As professional sportspeople, players want a financial reward and incentives. With very impressive contracts and match fees from the cricket board, and eye popping endorsement fees, the financial incentives are plentiful. Because the game is a craze in India, the players are demi-gods, and the calendar is chock-full of matches. Somewhere down the line, the players, the board members, the media all seem to have eyes only for the money the game can generate. The love for the sport and enjoyment in playing it, making it happen or reporting it has all but disappeared. Which leads me to my question.

Players initially come into the sport because they truly enjoy playing the sport and are good at it. Financial incentives and need for security drive them to succeed (along with other factors). Then the glut of money overtakes everything till the point, that they seem not to care about how well they play or even about enjoying the game at all.
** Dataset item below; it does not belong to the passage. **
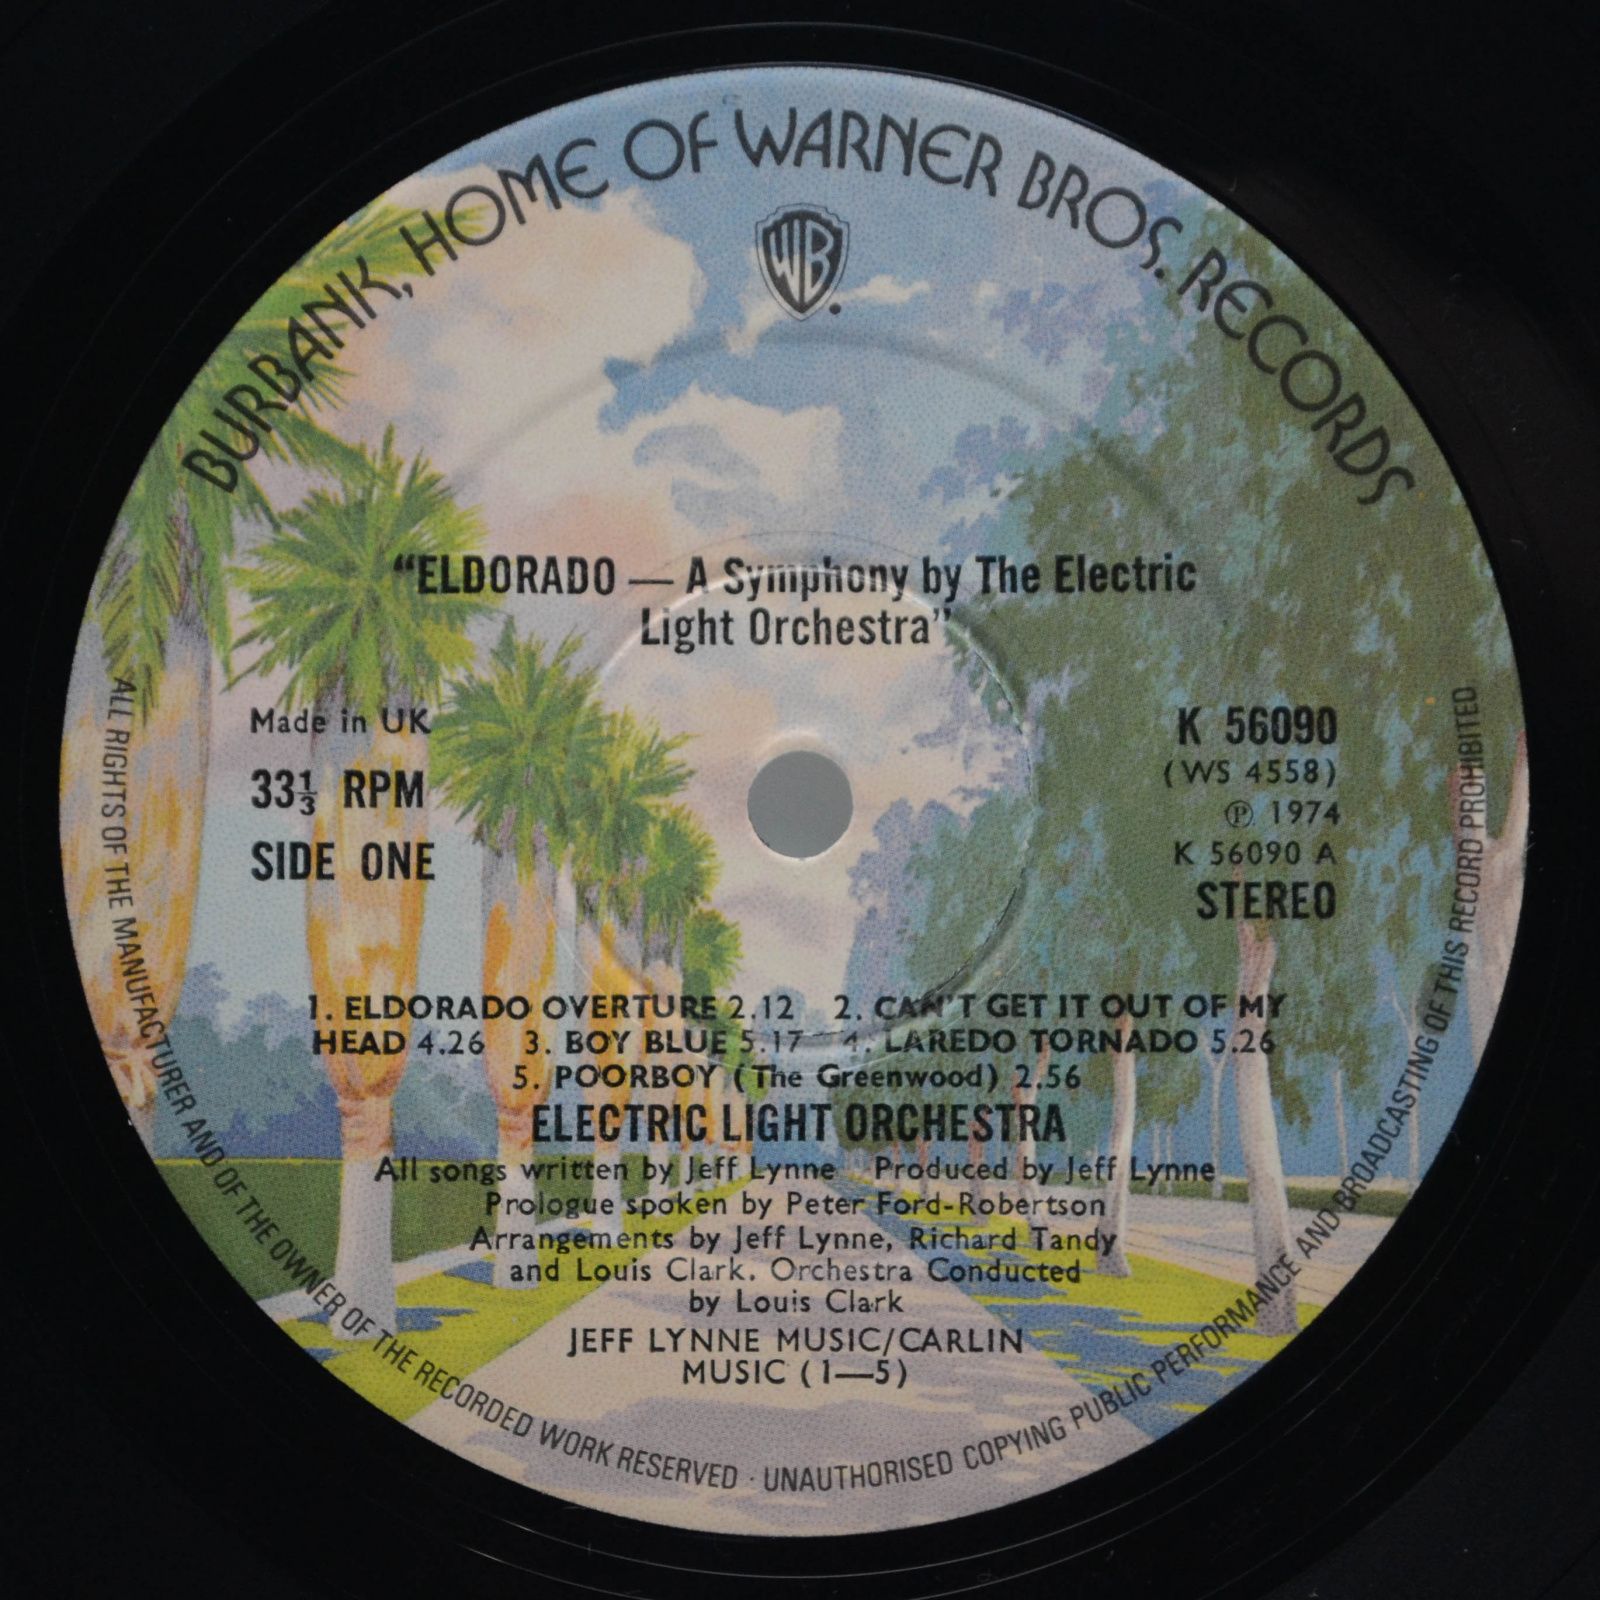 Electric Light Orchestra — Eldorado - A Symphony By The Electric Light Orchestra (1-st, UK), 1974

This is called “crowding out of intrinsic motivation” in the economics literature.  Activities such as research, working for a NGO, donating blood etc. are usually associated with benefits such as civic duty, passion for the mission of the organisation etc. When financial rewards are offered, this motivation can be drowned or chased away. Hence referees being paid low sums (Engers and Gans) or schoolchildren collecting for charitable causes REDUCING collection when being paid (Gneezy and Rustichini), and see (Benabou and Tirole) and references therein for more work on this topic. Would this translate to Science as well?

Many of us choose to work in Science because we love it: the thrill of finding something new, discovering why things are the way they are, creating something, solving difficult problems and so on. And we too need financial security. We too can be ambitious. So we too follow the path the scientific system requires. As success in this system is measured by publications, citations, grant money, awards and positions we obviously work towards these.

So by extension could it be that in chasing stability and success some of us may end up shifting focus from the love of our Science to the papers, the grant applications, the conference talks, the award nominations, the committee memberships etc? Could it be that scientific success and its demands ensnare us so much in its trappings that we forget the very passion for science that brought us into the lab?

Could it be that one day I will care more about how much grant money I have generated or how many invited talks I have been asked to deliver than my beloved spiral patterns?

The thought both frightens and dismays me.


1. Engers and Gann: The American Economic Review, vol. 88, no. 5, pp. 1341-1349, 1998.

2. Gneezy and Rustichini: Journal of Legal Studies, Vol.29, No. 1, pp. 1-17, 2000.

3. Benabou and Tirole: The American Economic Review, vol. 95, no. 5, pp. 1652-1678, 2006.